The excuse of economic disparities fails miserably to justify violence and harassment, however. For some observers, it also brings up memories of Nazi persecution of Jews, African attacks on Indian merchants, and recent murders, , and robberies of ethnic Chinese in Indonesia . All of these atrocities were committed against people deemed economically well off by larger masses facing difficult times.

In any case, the economic disparities rationale falls apart in the many instances where racism flourishes in the absence of class differences. At San Francisco ’s Hunter’s Point public housing complex, for instance, low-income Southeast Asian residents, who are in the minority, have consistently encountered racial harassment from their black neighbors. Racial slurs, physical threats, violence, and destruction of property have festered for years. Philip Nguyen of the Southeast Asian Community Center, who has worked on the case for years, notes that there are no economic differences between the Asian and black families in the complex. The Asians, he says, are very quiet and have made every effort to befriend the black residents, yet serious friction has persisted for ten years.

Joe Hicks, executive director of the Los Angeles City Human Relations Commission, painstakingly tried to bring blacks and Asians together after the Rodney King riots. He believes that "much of the hostilities are due to blacks’ jealousy of Asian economic success, a sense of alienation, and the self-perpetuating belief that blacks will always lose out in the racial equation in America ." He adds that "certainly economics gives a basis to many of the problems," but asserts that "even if tomorrow we can have a level playing field for both racial groups, we would still have animosity and racial strife" because prejudices would still remain.

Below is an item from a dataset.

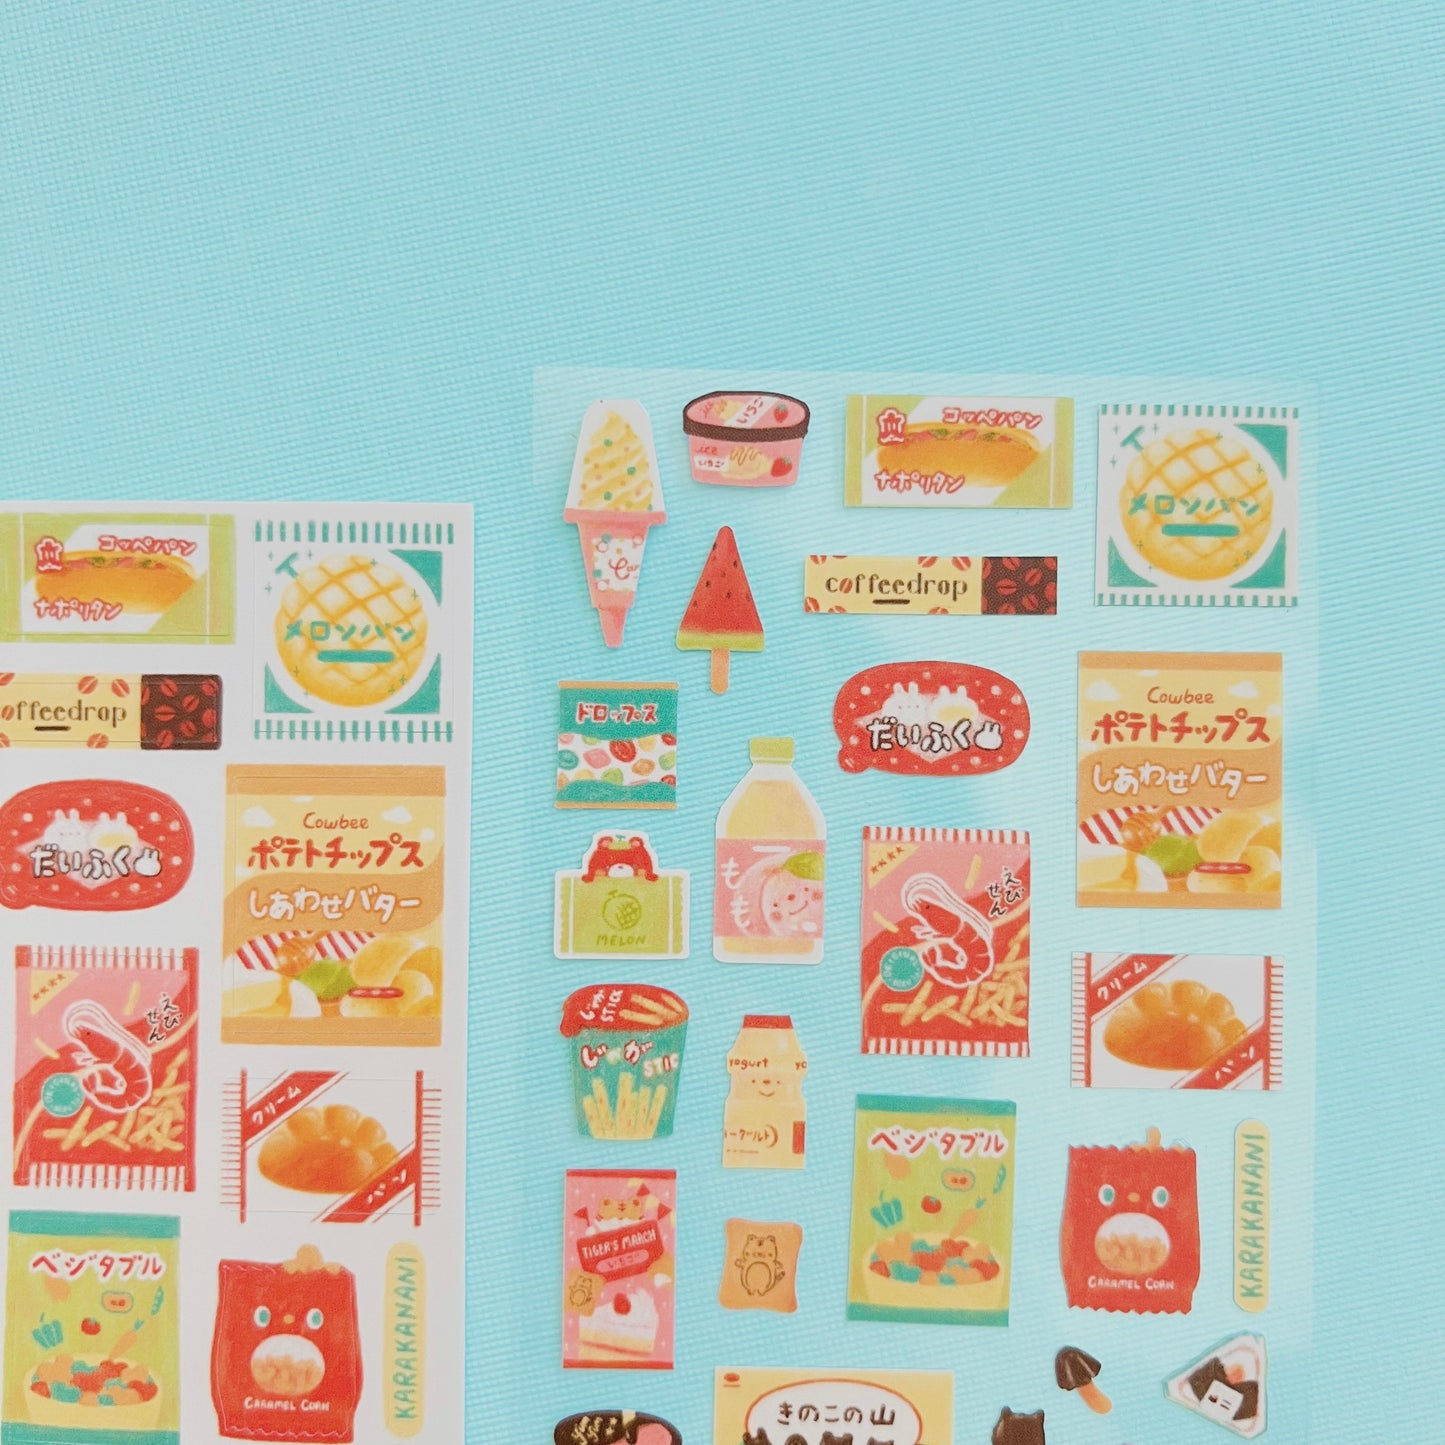 Favorite Snacks Journaling Sticker Sheet

Asian activists who are not otherwise inclined to ignore prejudice are often strangely anxious to apologize for black racism. In interviews, they note that Asians harbor many prejudices against blacks too. This explanation, however, has no power to explain the kind of harassment I and many others like me experienced as young immigrant children beginning life with no animus toward anyone.

Asian prejudice toward blacks surely exists. But whatever biases might be harbored in the minds of Asian immigrants, many of whom had never seen a black person before arriving in the U.S., they certainly don’t rate at the level of destroying black people’s property, scaring their elderly folk, or threatening and assaulting their children–the kinds of pressures Asians in many urban areas now endure routinely. Asian youths in particular typically start out with little or no inclination to distrust or dislike African Americans. Young Asians are usually far more willing than their parents to accept a new country and new friends, including black ones. In many cases, it was only after innumerable frightening chases, assaults, and humiliations that Asian attitudes toward blacks turned defensive. Those of us whose open minds were confronted with hostility and hatred will never accept the insulting assertion that our suffering resulted from our own prejudices.

It seems that leaders of the Organization of Chinese Americans, the Asian American Legal Defense Fund, and related groups are disconnected from the real concerns of many of the Asians they claim to represent. David Lee, whose Bay Area organization is attempting to promote local dialogue among minority journalists, believes that a fundamental disconnection exists between the national Asian spokesmen and the new majority of Asians who are recent immigrants. The prominent Asian civil rights leaders, he notes, tend to be American born, to speak little of their ethnic languages, and to be unable to read the local ethnic newspapers. Many of them do not know or understand the problems in low income areas, because they live comfortable middle-class lives. And so "it is not surprising that they are silent about black-on-Asian discrimination," Lee summarizes.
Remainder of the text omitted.